Enderts Beach Abstract, Del Norte Coast Redwoods State Park, California

And what is the nature of that experimentation? It starts with finding something interesting. That’s the “seeing” that I mentioned at the heart of this post, and it’s at least 90% of the effort. The rest is easy–determining the settings that apply to render the scene the way you want it rendered. And for that, the technicals for my images don’t mean a thing.

Tenaya Creek Reflections, Yosemite National Park, California

Responses

  1. I agree that tech info means little. Sometimes it helps me think about how I might manage a shot differently than I usually do. That is always a creative plus. All that aside, I am moved by the images in this post, and inspired. Thanks.

  2. The relevance of technical information likely is a function of the distance the viewer has traveled along the photographic journey; it’s probably the whole enchilada for beginners. I haven’t read Thom Hogan’s piece, however.

    • That’s distinctly possible, that less experienced photographers are more desirous of this information. I still think, however, that such desire is misplaced, as I don’t knowing the specifics will do them much, if any, good and may have the tendency to inflate the importance of technical information relative to other considerations that (I think) hold more value.
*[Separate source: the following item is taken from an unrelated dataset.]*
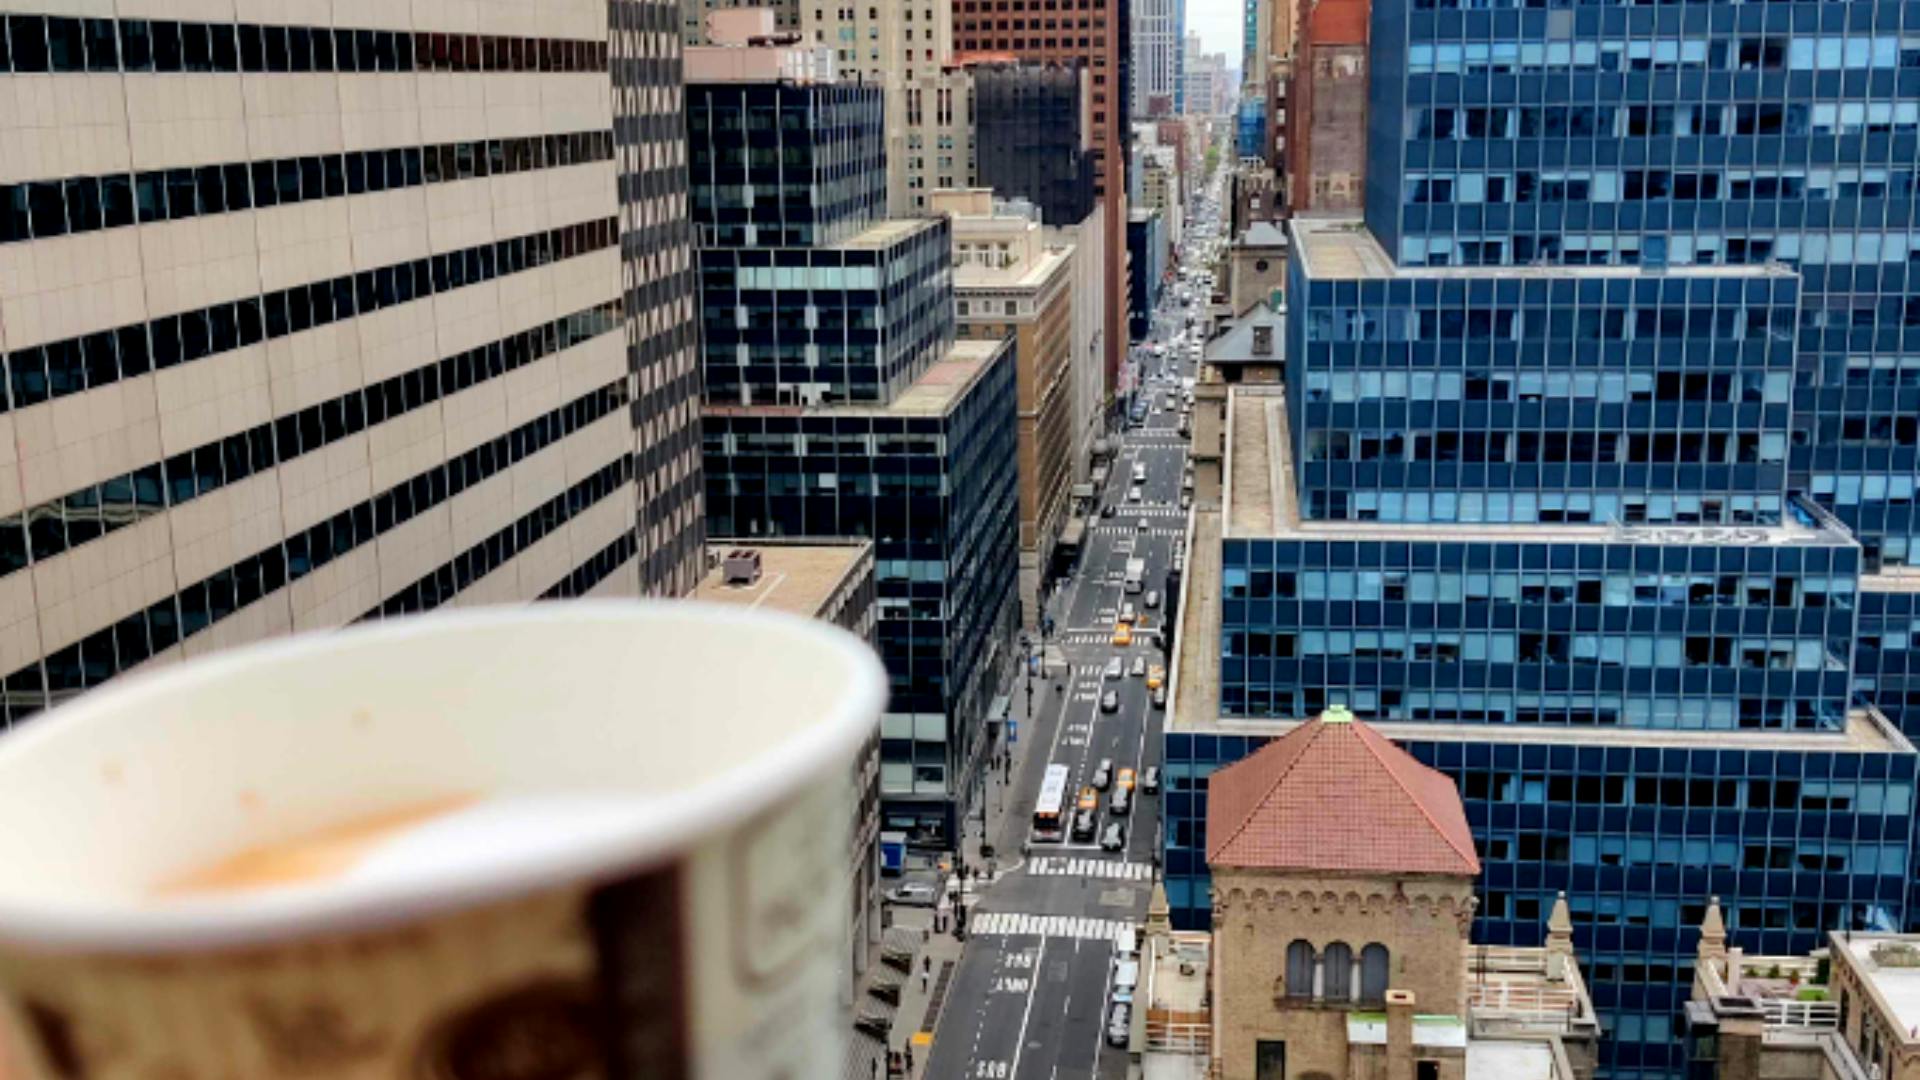 Having coffee with a New York view - Mosano

  3. Such gorgeous images, Kerry, and such wise words raising fundamental questions. There are similar situations in the other arts – famous guitarists are always asked what strings they use on their guitar, etc. When I was first starting to explore the world through my SLR in the 80’s, I bought “The Art of Seeing” published by The Kodak Workshop Series. Although there was technical advice, the real takeaway was to really look and see possibilities, which is of course what you are addressing here. Fortunately, your words from this blog are always in my head when I’m shooting, reminding me to look more deeply – thank you for sharing your insights so generously with the rest of us.

    • Thanks very much, Lynn. To the extent that you’re finding something of value in my blatherings, it’s highly gratifying to know.

  4. The main time I mention technical details in my posts is when I show two pictures together that I took with very different settings, for example moving water recorded at 1/4 of a second and the same water caught at 1/2000 of a second. I’ve always thought it strange that some photo magazines will include even the brand of tripod the photographer used, as if what the camera sat on could make any difference to the resulting picture. You might as well tell us what brand of shoes the photographer was wearing at the time.

    • Good point about the side-by-sides. In that context, knowledge of the settings would be genuinely useful.

      I completely agree with your statement about (for instance) including the tripod brand (or the brand of the tripod head–something else I occasionally see referenced) in a photo mag caption. That’s just plain silly.